Václav Daněk (born 22 December 1960 in Ostrava) is a retired Czech football player. He played 22 matches for Czechoslovakia and scored 9 goals. In total, he scored 197 league goals in 402 games (200/99 Ostrava, 41/12 Dukla, 144/83 Innsbruck, 17/3 Le Havre).

In his country he played for Baník Ostrava and witnessed the golden era in the club's history, contributing to two Czechoslovak First League championships. His strong temper contributed towards him not being picked for the Czechoslovakia squad that reached the quarter-finals of the 1990 FIFA World Cup, when he was at the peak of his career in Austria, playing for FC Tirol Innsbruck because of discrepancies with coach Jozef Vengloš who preferred players like Tomáš Skuhravý, Ivo Knoflíček and Stanislav Griga.

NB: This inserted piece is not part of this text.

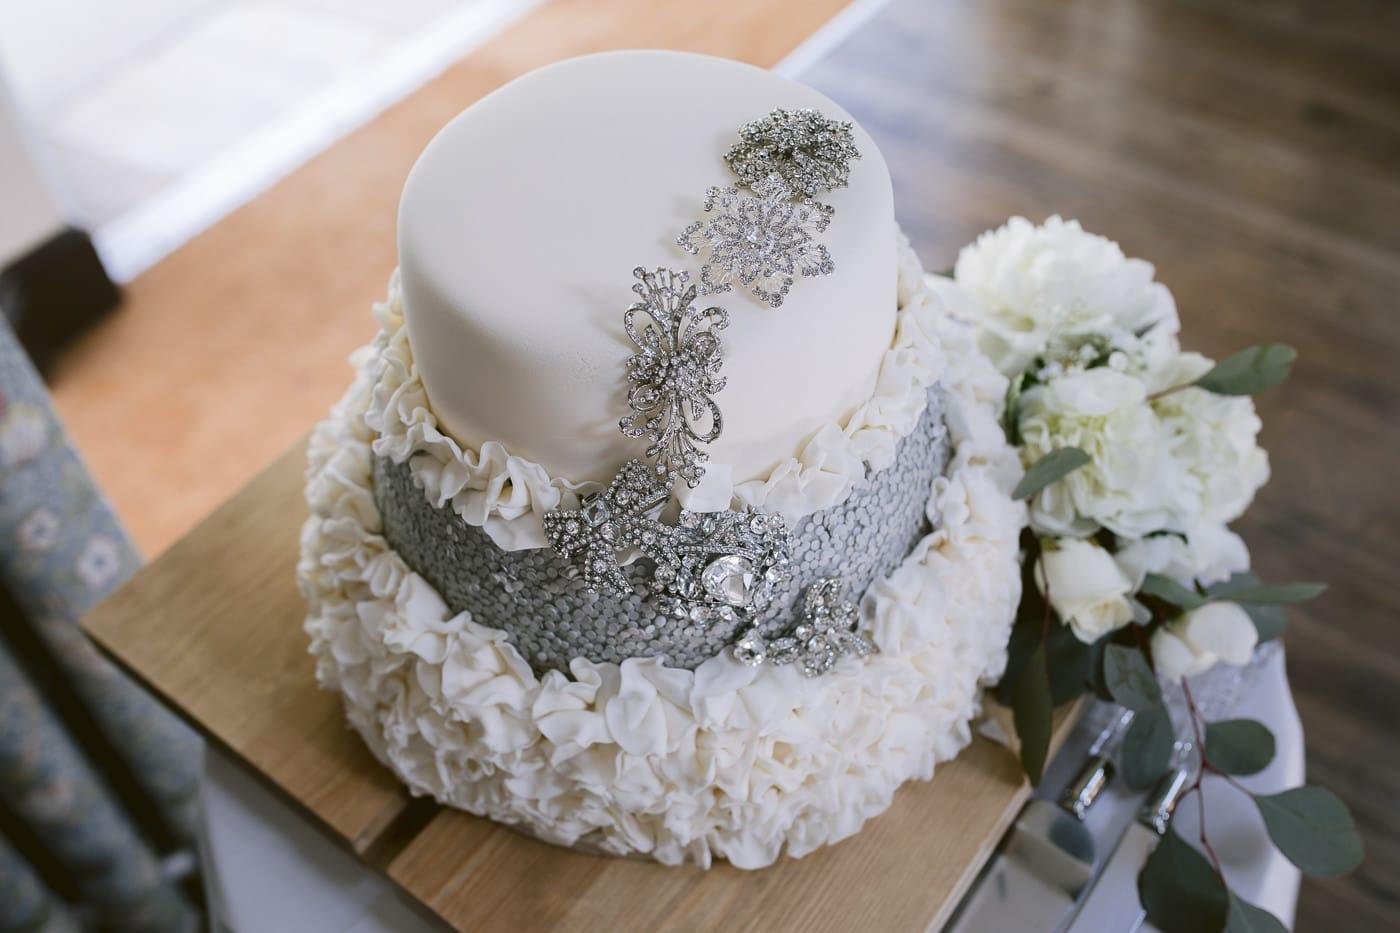 Decorative Irton Hall Wedding Cake Photo Shoot Session
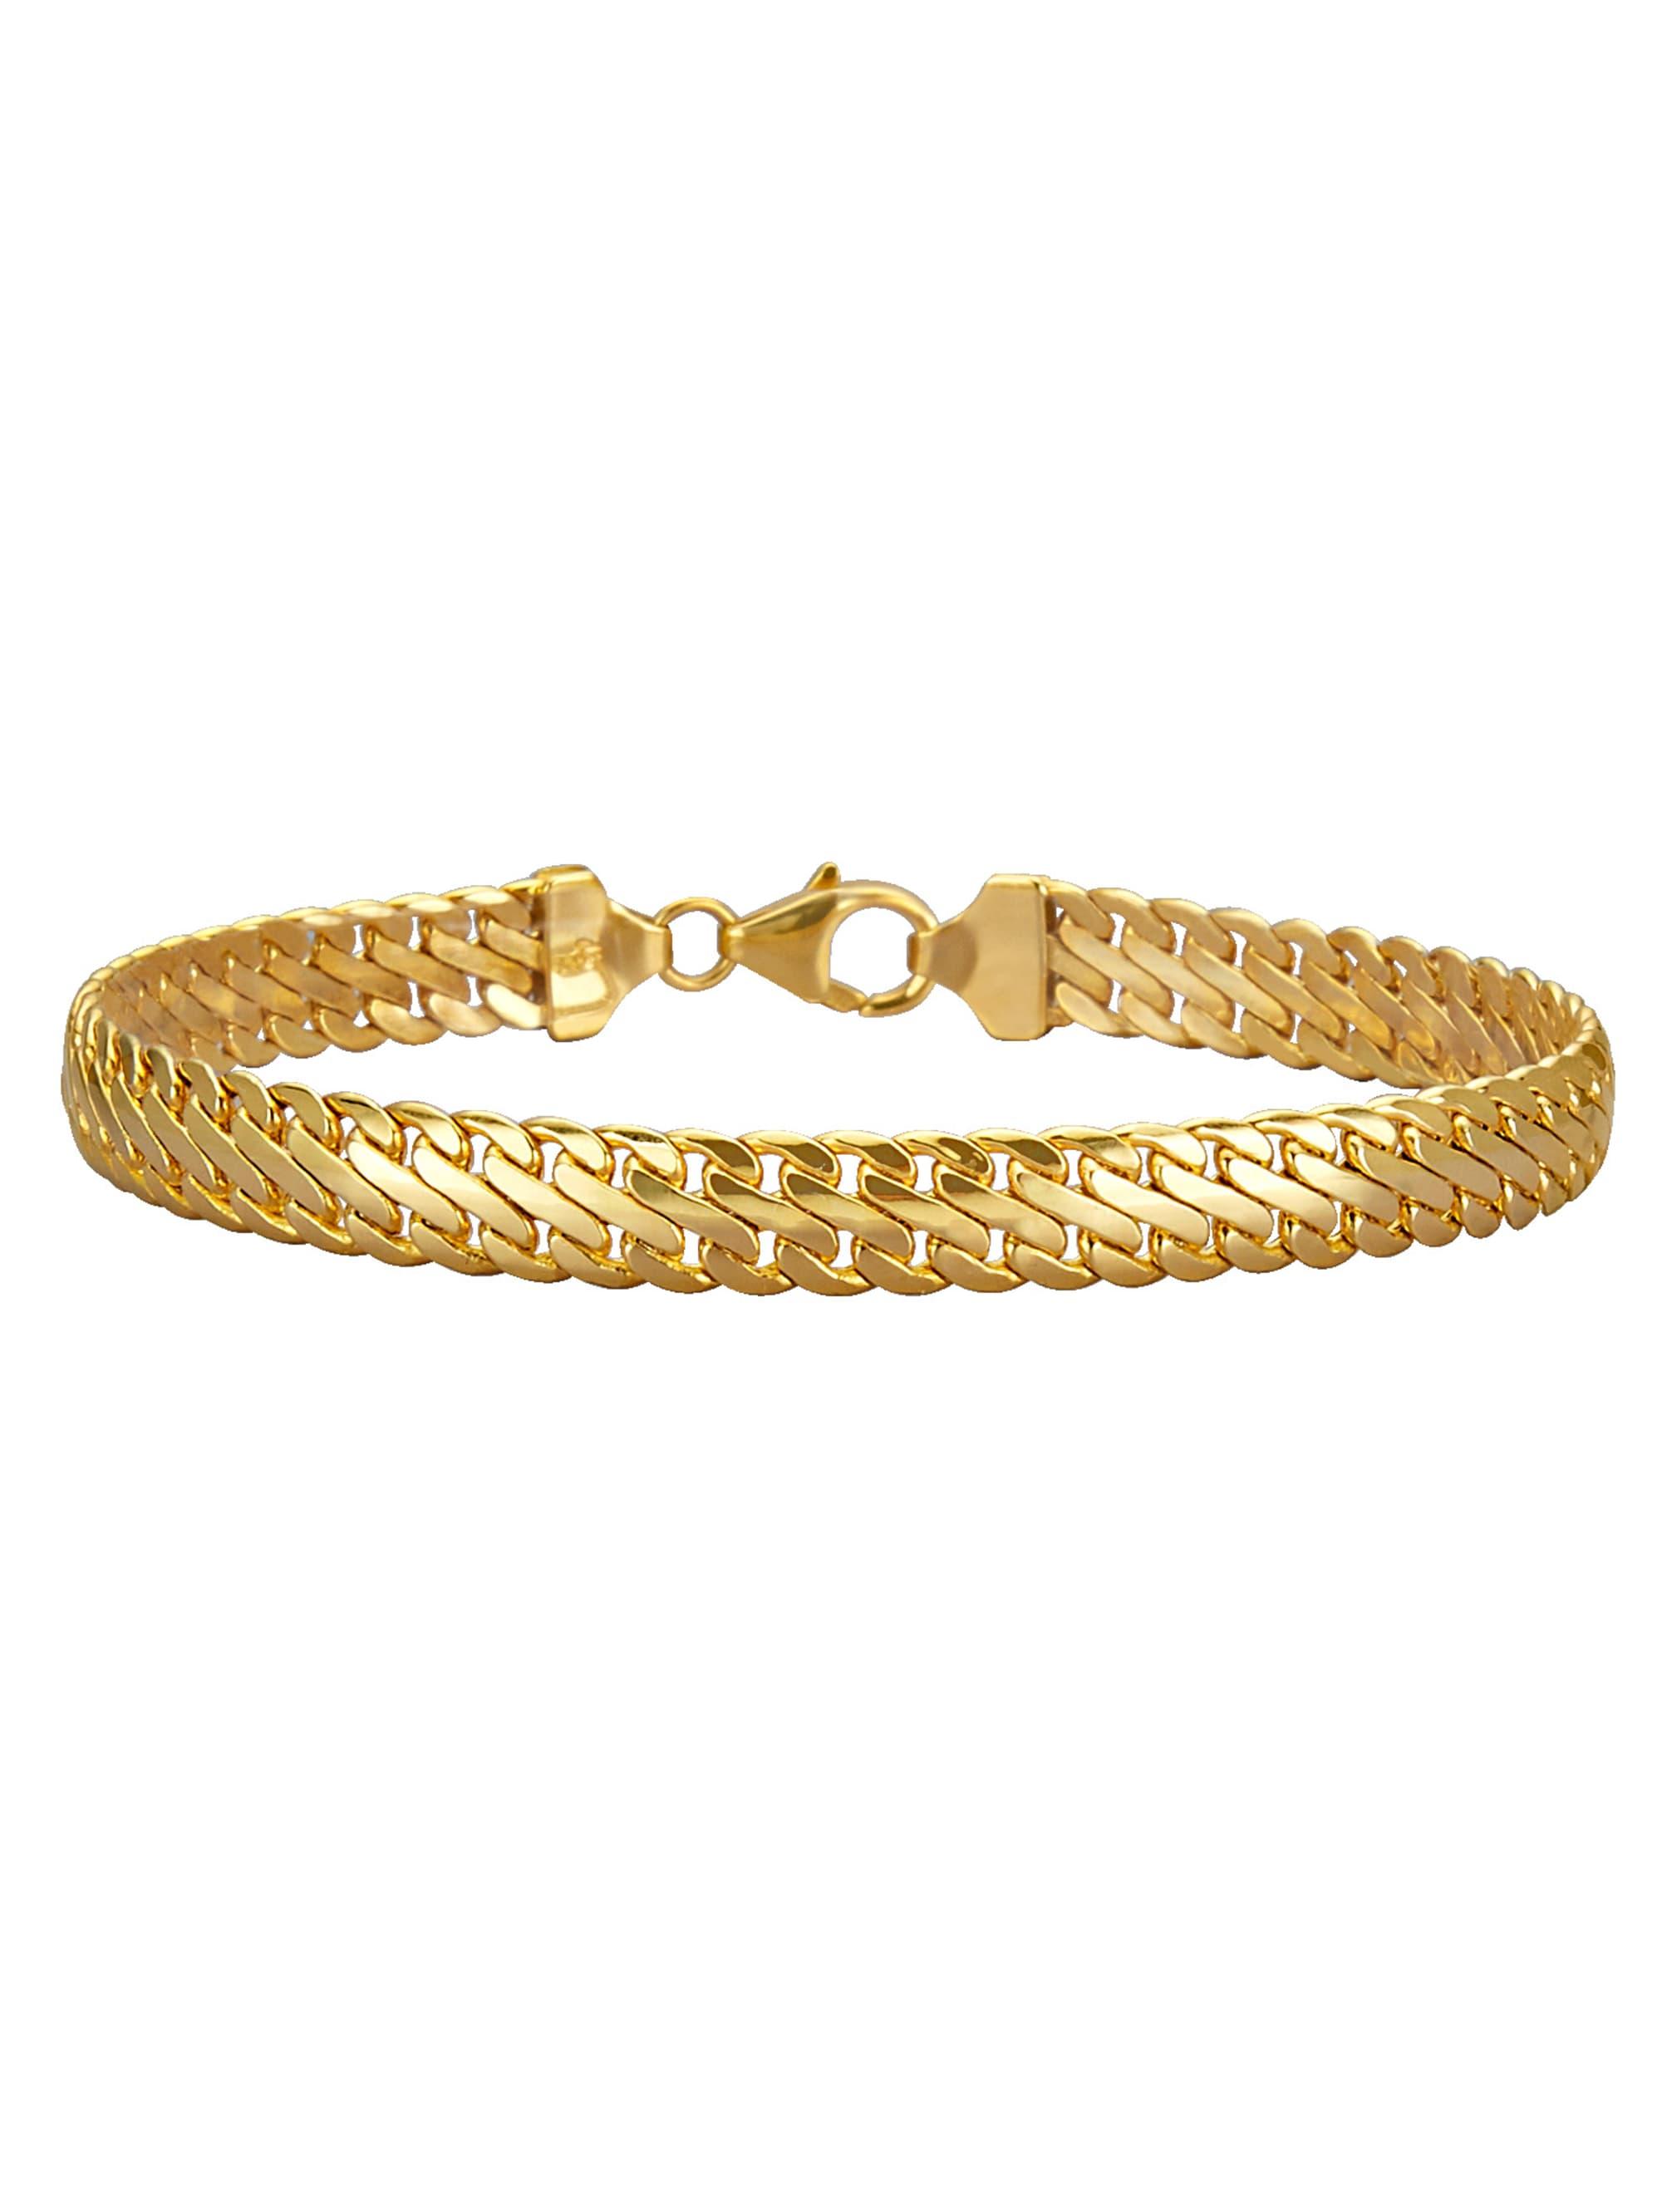 Diemer Gold Armband in Gelbgold S41d9

Despite all these, he was selected Best Player in the Austrian league and finished top scorer three years in a row which allowed him to finish third in 1991's European Golden Boot contest sponsored by the French football magazine "France Football".

After the World Cup in Italy, where the Czechoslovakian team performed very well, Vengloš was replaced by Milan Máčala who gave Daněk his full confidence, making him the team's new standard bearer and first pick-up choice for the attack.

Maybe his best achievement with Czechoslovakia took place during the UEFA Euro 1992 qualifying match against Spain in 1991. A few days prior to this crucial match Daněk's baby son was badly injured in an accident and had to be hospitalized, which made Daněk declare himself unavailable for the match.

The following days, all other three Czech strikers were injured during training or in their league matches, which left Macala completely forward-less. The coach decided to call Daněk just hours before the match, and he received a "YES" from the forward.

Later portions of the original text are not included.